## Problem statement
Retype, exactly as they appear below, the lines between the line holding "Jejak Budaya Melayu, Ini" and the line holding "Die Glasstäbe werden ersetzt ( neu )", both ends included.

## Record extracts
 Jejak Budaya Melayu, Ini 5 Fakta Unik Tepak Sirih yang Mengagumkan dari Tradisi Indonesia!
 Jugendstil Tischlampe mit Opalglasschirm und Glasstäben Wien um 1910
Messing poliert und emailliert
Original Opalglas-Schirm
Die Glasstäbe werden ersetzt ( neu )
...
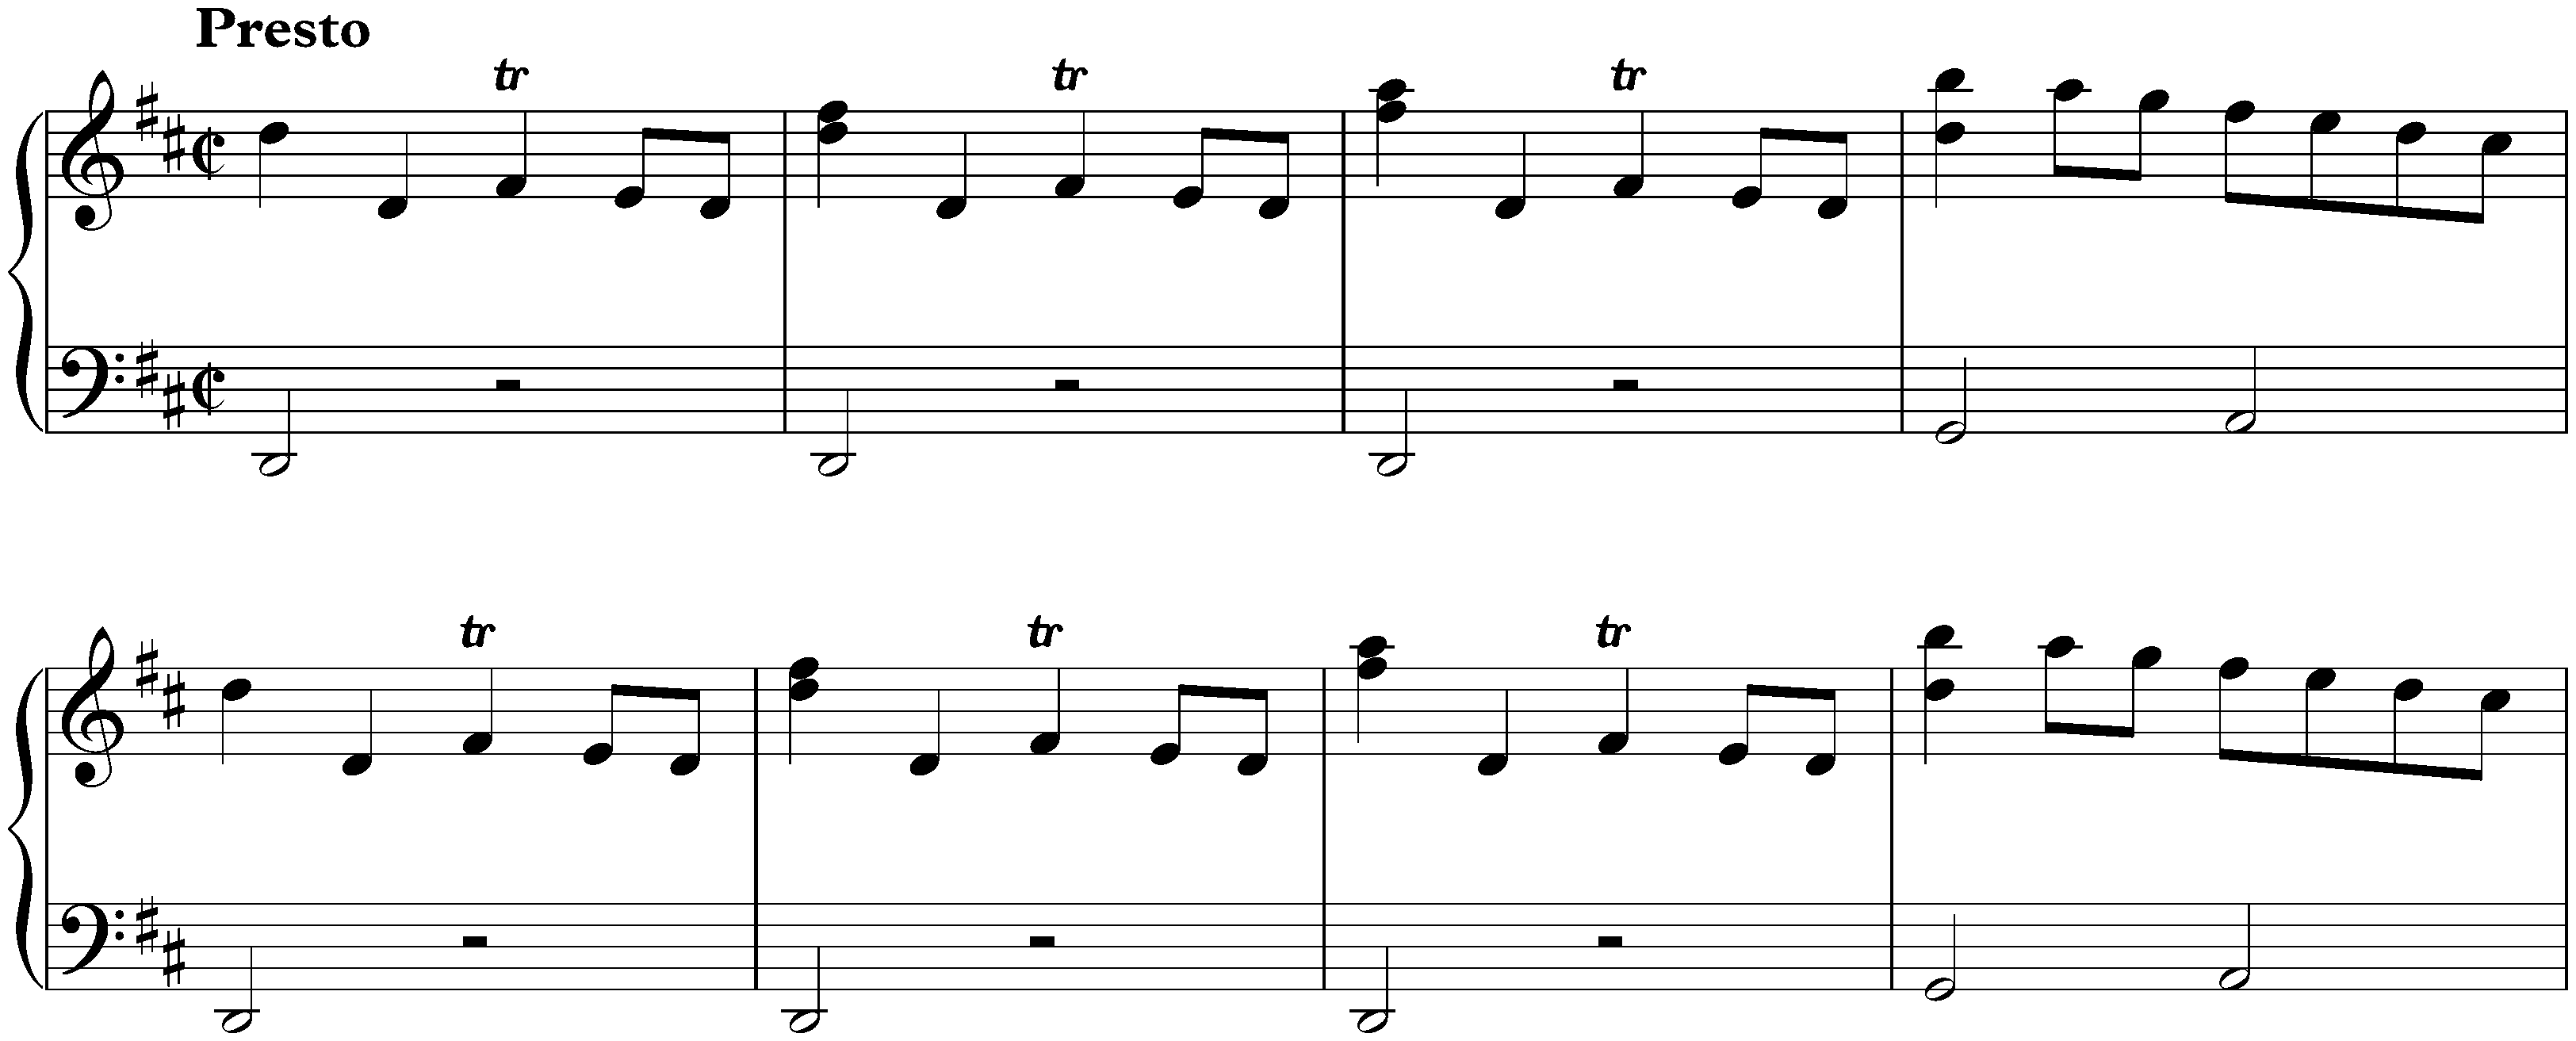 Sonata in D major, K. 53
--
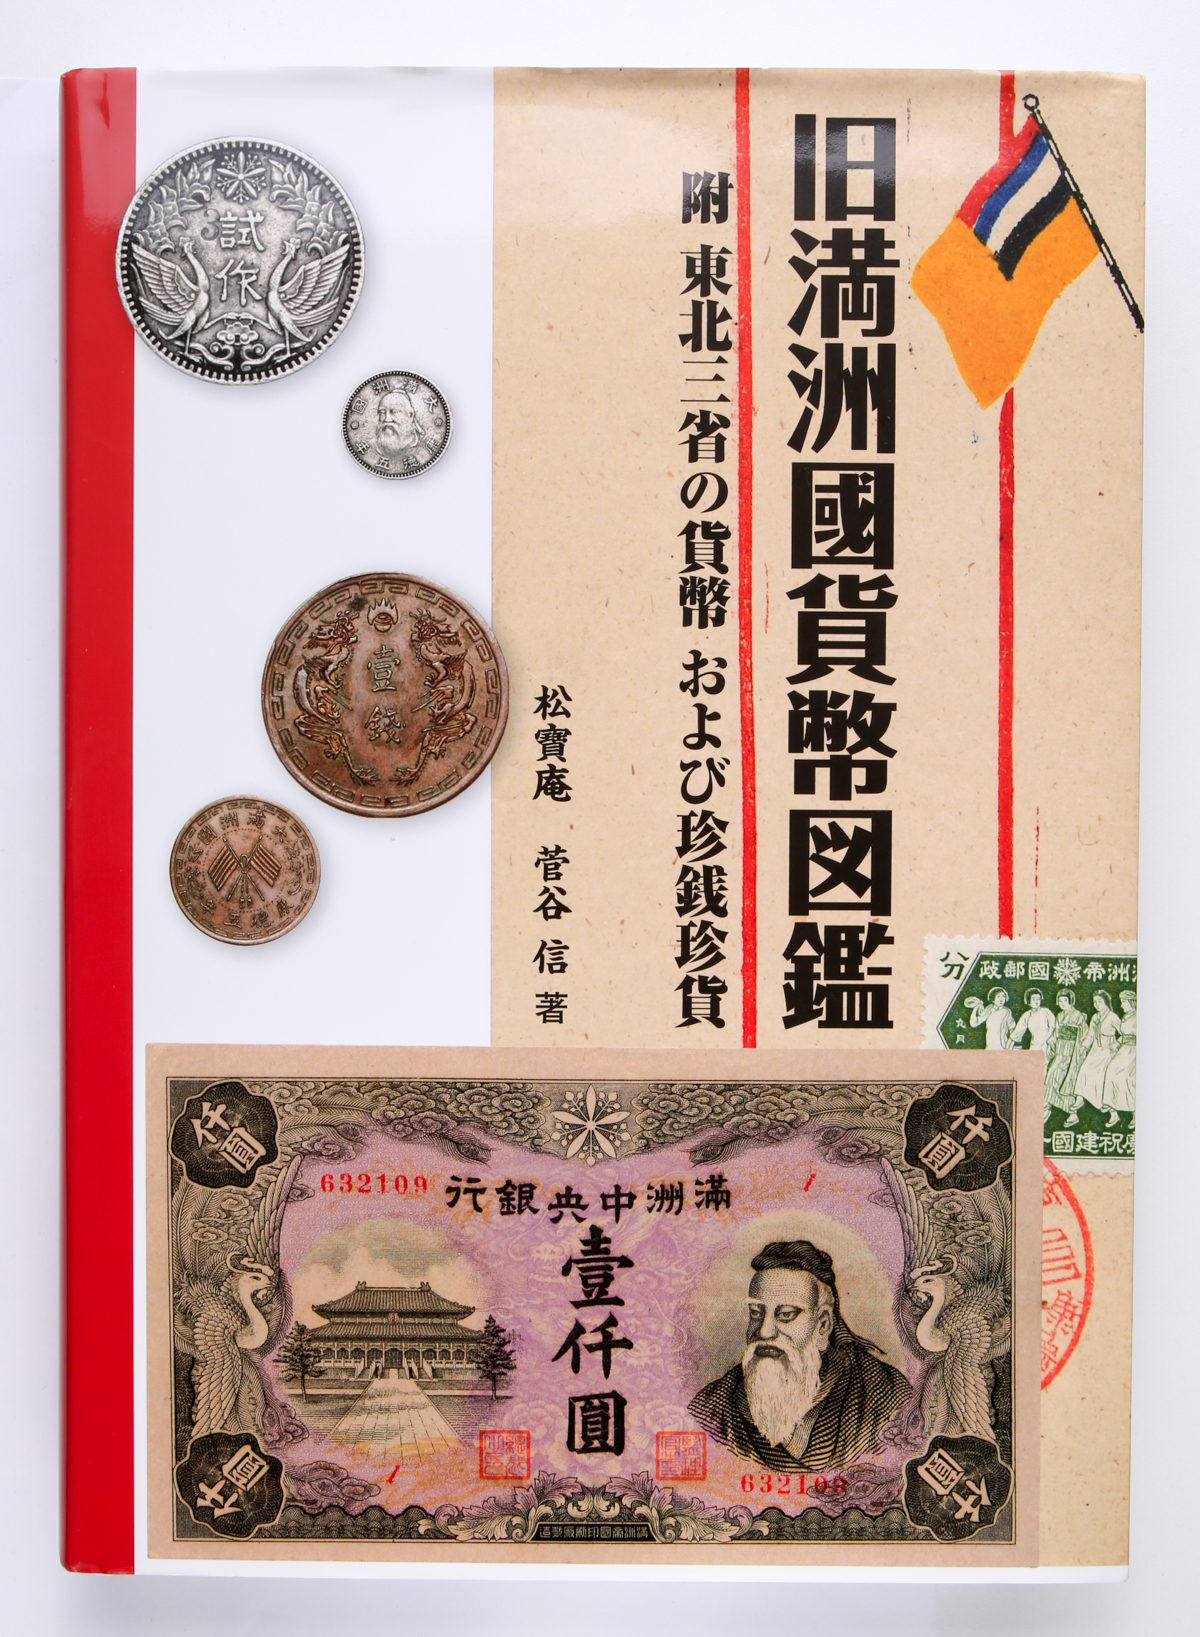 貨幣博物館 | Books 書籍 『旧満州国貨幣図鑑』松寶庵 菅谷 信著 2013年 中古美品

## Your response
 Jejak Budaya Melayu, Ini 5 Fakta Unik Tepak Sirih yang Mengagumkan dari Tradisi Indonesia!
 Jugendstil Tischlampe mit Opalglasschirm und Glasstäben Wien um 1910
Messing poliert und emailliert
Original Opalglas-Schirm
Die Glasstäbe werden ersetzt ( neu )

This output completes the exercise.